Re: [PATCH v2 net-next 0/8] Introduce bpf ID
From: Alexei Starovoitov <hidden>
Date: 2017-06-01 21:48:23
On 6/1/17 11:52 AM, David Ahern wrote:
On 6/1/17 12:27 PM, Alexei Starovoitov wrote:quoted
'I want to retrieve original instructions' is not a problem. It's a push for 'solution'. Explaining 'why' you want to see original instructions would describe the actual problem.I have explained this. You are creating this hyper-complex almost completely invisible infrastructure. You are enabling binary blobs that can bypass the network stack and modify packets with almost no introspection on what is happening. BPF code can from a variety of sources -- OS vendors, upstream repos, 3rd party vendors (eg., H/W vendors), and "in-house" development. Each will swear to the end that any observed problem is not with their code. In my experience, it falls on to the OS and kernel experts to figure out why Linux is breaking something. To do that we need tools to look at what code is running where and something that can be used in production environments not requiring a disruption to the service that the box is providing.

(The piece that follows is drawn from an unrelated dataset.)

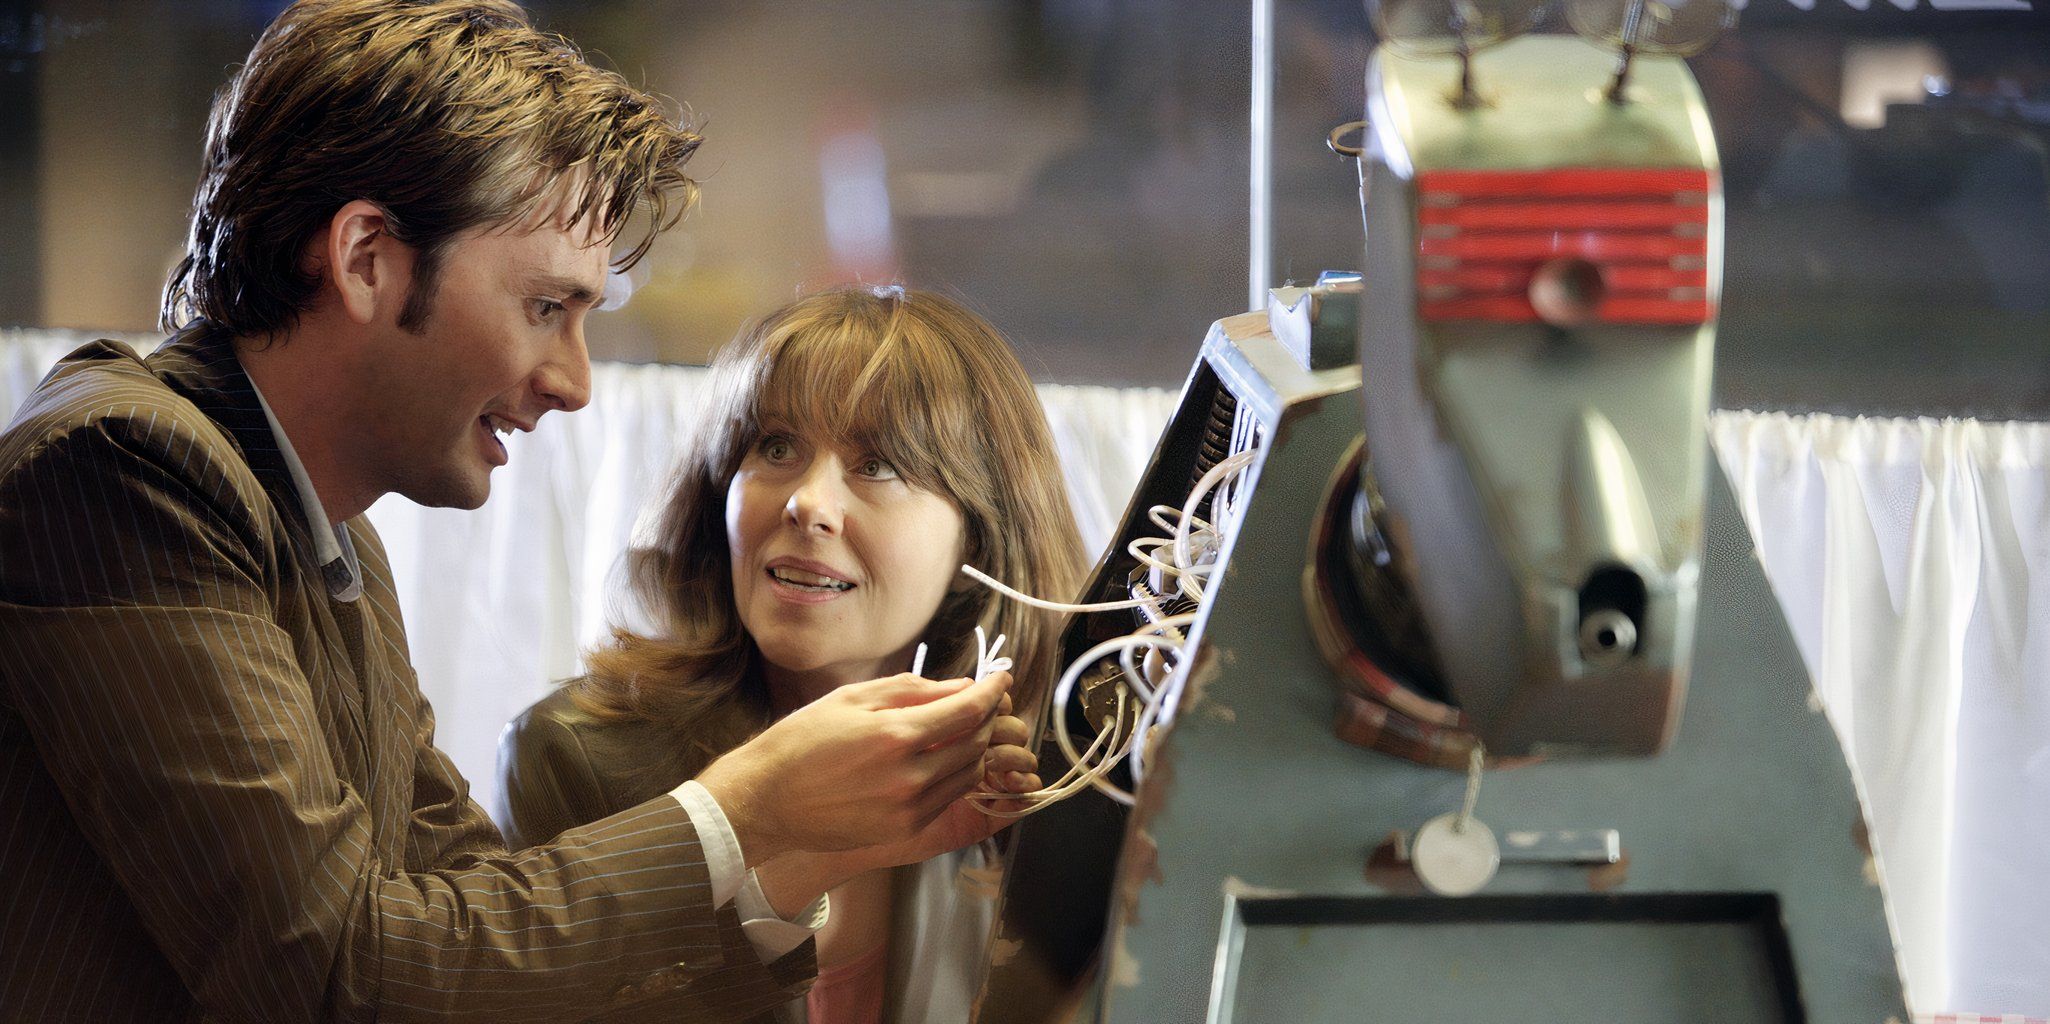 10th Doctor and Sarah Jane fixing K9 in 'School Reunion' from 'Doctor Who'

You saw patch 7/8, right? since I'm not following what exactly you're concerned about. This patch set provided a way to retrieve post-verifier, post-blinding instruction stream that gives users a way to know exactly what is running. Original instruction stream is not the one that is executed. It's merely an interface between kernel and user space. Before that stage the clang/llvm did many code transformations and optimizations on original source code and after that verifier, context rewriter, inliner, constant blinding did transformations on these insns as well. If there is a bug somewhere in all these transformations it can be anywhere in clang, llvm optimizer, llvm codegen, elf or bcc loader and in kernel side transformations. Yes. There can be bugs, but we cannot keep all these stages in the kernel. I don't mind dumping insn stream for debugging while doing these stages (just like llvm has -print-before-all flag), but keeping all the intermediate stages don't make sense to me. In that sense 'original instruction stream' to me is one of the intermediate stages where source code in C crossed user->kernel boundary. I'd rather store more information about original C code than this user->kernel instruction stream. That's where CTF is heading. To provide info about types, names, etc. For both progs and maps. I don't mind storing even that 'original instruction stream' _if_ there is a solid reason. I just didn't hear one so far. I can imagine somebody saying that there is a bug in context rewriter and xlated_prog_insns are accessing wrong field. That's bad, but how keeping original_prog_insns will help such case? And how such bug is different from llvm generating wrong code ? If there is a bug anywhere in that transformation pipeline I'd want to give original source code and final outcome to support people. In practice everything is more complex, since maps are dynamic, tail_calls are dynamic, the code flow changes. Debugging is not easy and this patch set is the first step toward better debuggability. I'm all for it, but statements like "without original insns it's not debuggable" are concerning, since we either don't explain the APIs well enough or understanding of the use case is missing on our side.